На последних словах князя Васильчикова ворох вдруг зашевелился. И из груд этой грязной пакли показался… человеческий глаз.

Глаз посмотрел на князя Васильчикова, затем на поручика, по телу которого пробежала дрожь. Еще мгновение, и Владимир Иванович поверил бы во все рассказы о таинственных духах и прочих тайнах мамоновской усадьбы, если б груда пакли и тряпья не зашевелилась вновь, открыв и второй глаз. А за ним проступили и прочие черты странного, но вполне человеческого лица.
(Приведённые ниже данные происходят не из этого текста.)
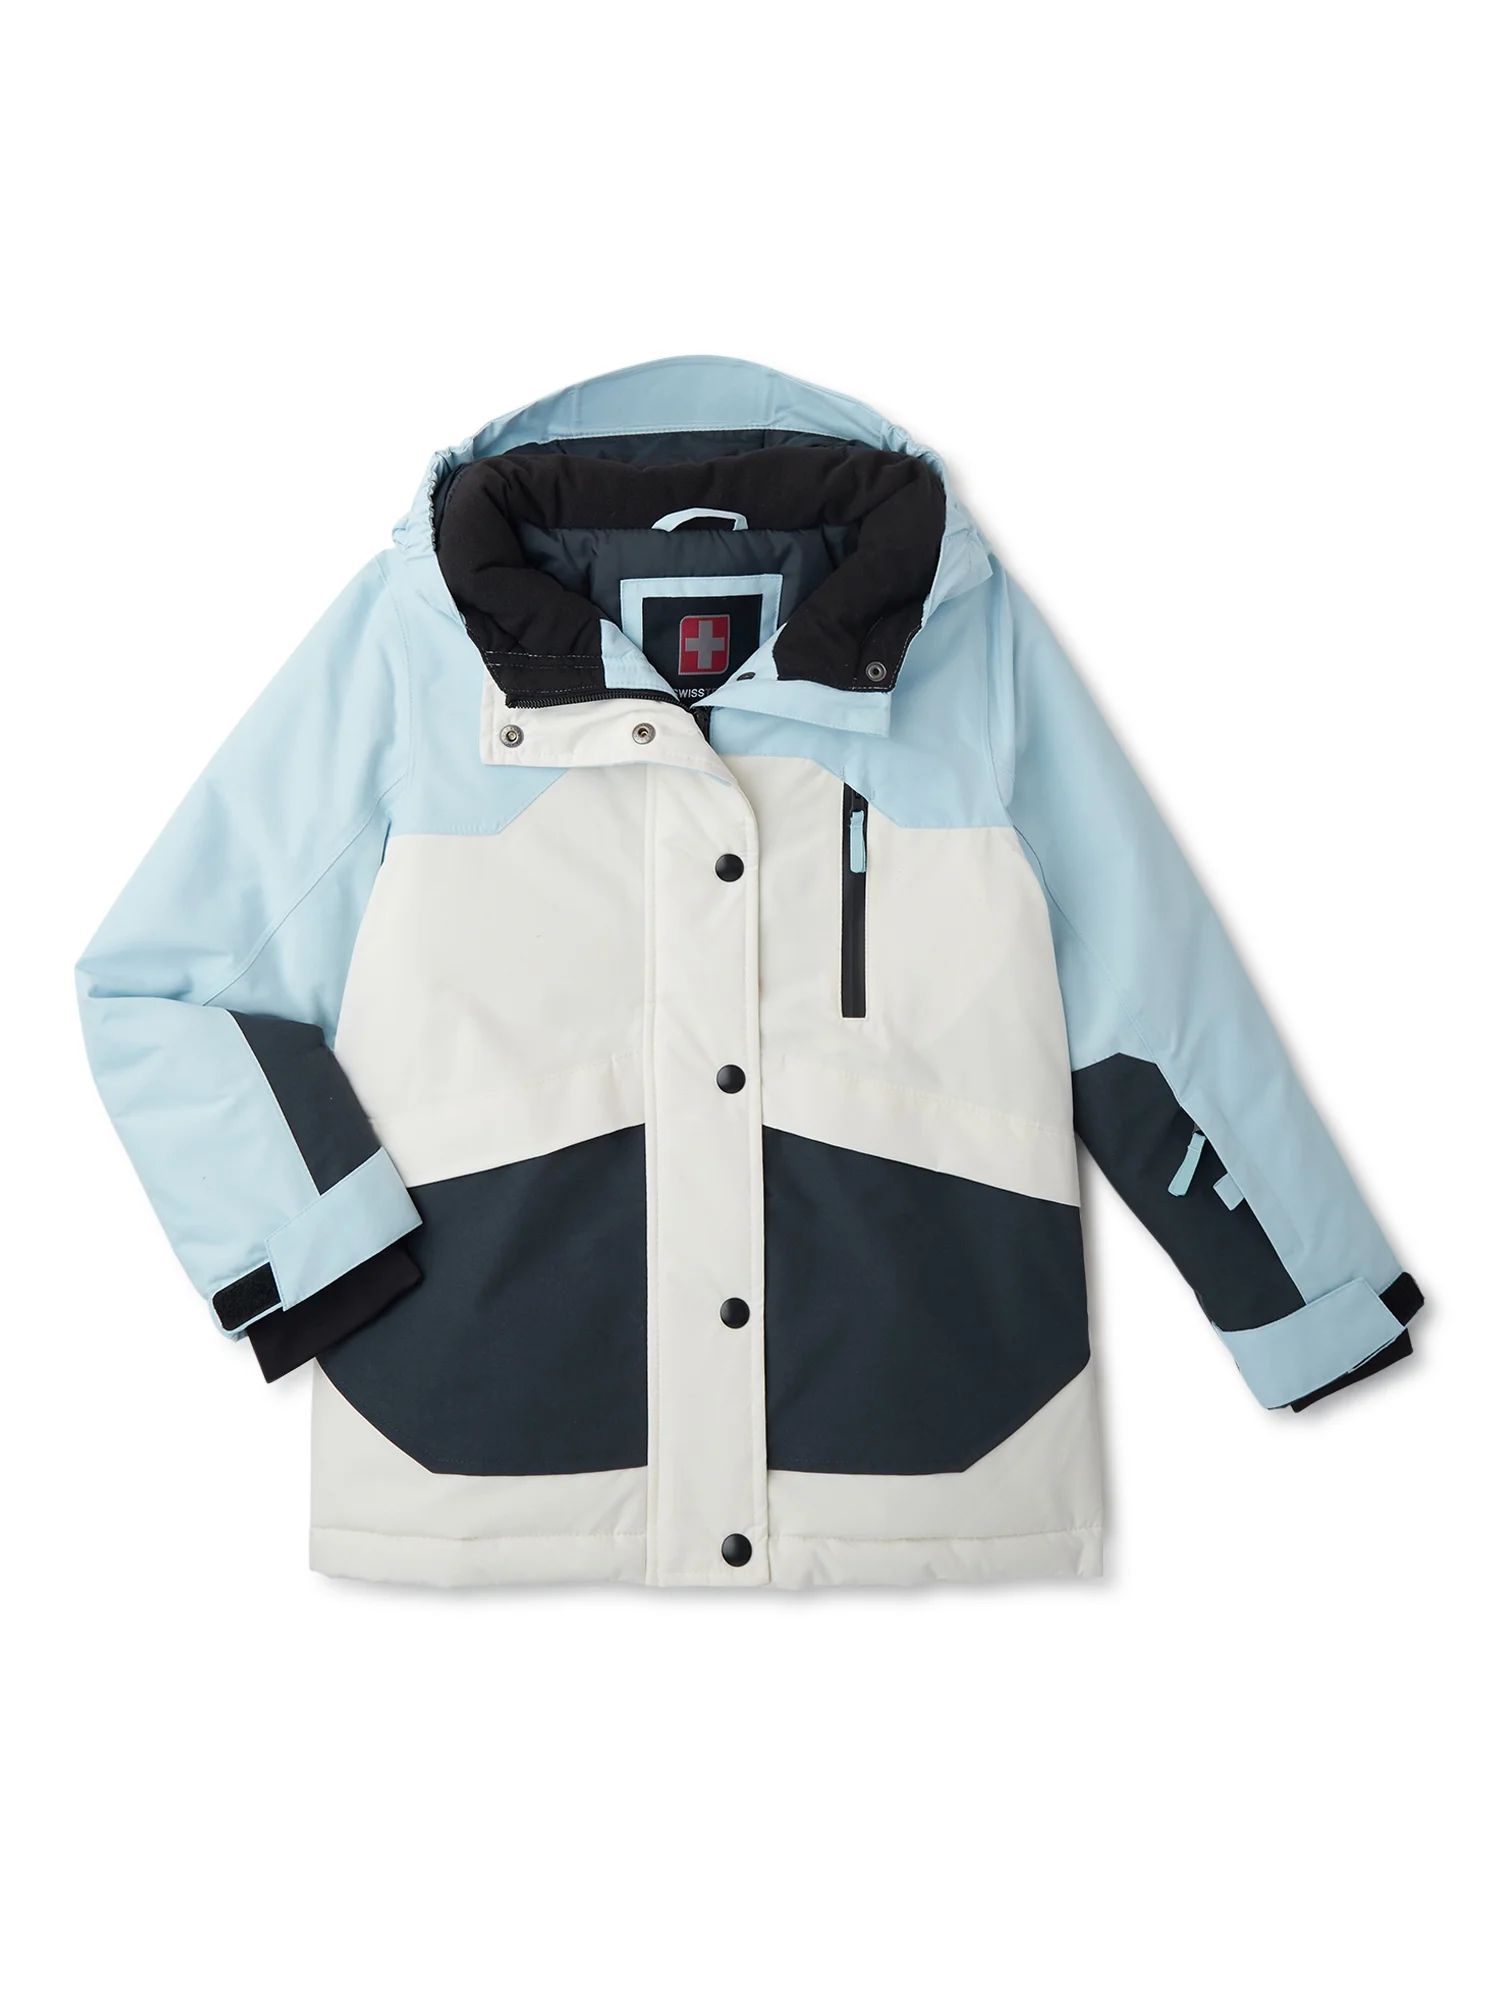 Swiss Tech Girls Waterproof Ski Jacket with Hood, Sizes 4-18 - Walmart.com | Walmart (US)

Обросший – паклей казались его давно не стриженные волосы, – одетый в непривычное домотканое одеяние человек смотрел в упор на непрошеных гостей.

Предводитель уездного дворянства хлопал ресницами и того и гляди готов был упасть без чувств, а не падал разве что из опасения, что некому будет его подхватить – никто из слуг следом за гостями в Гербовый зал войти не рискнул.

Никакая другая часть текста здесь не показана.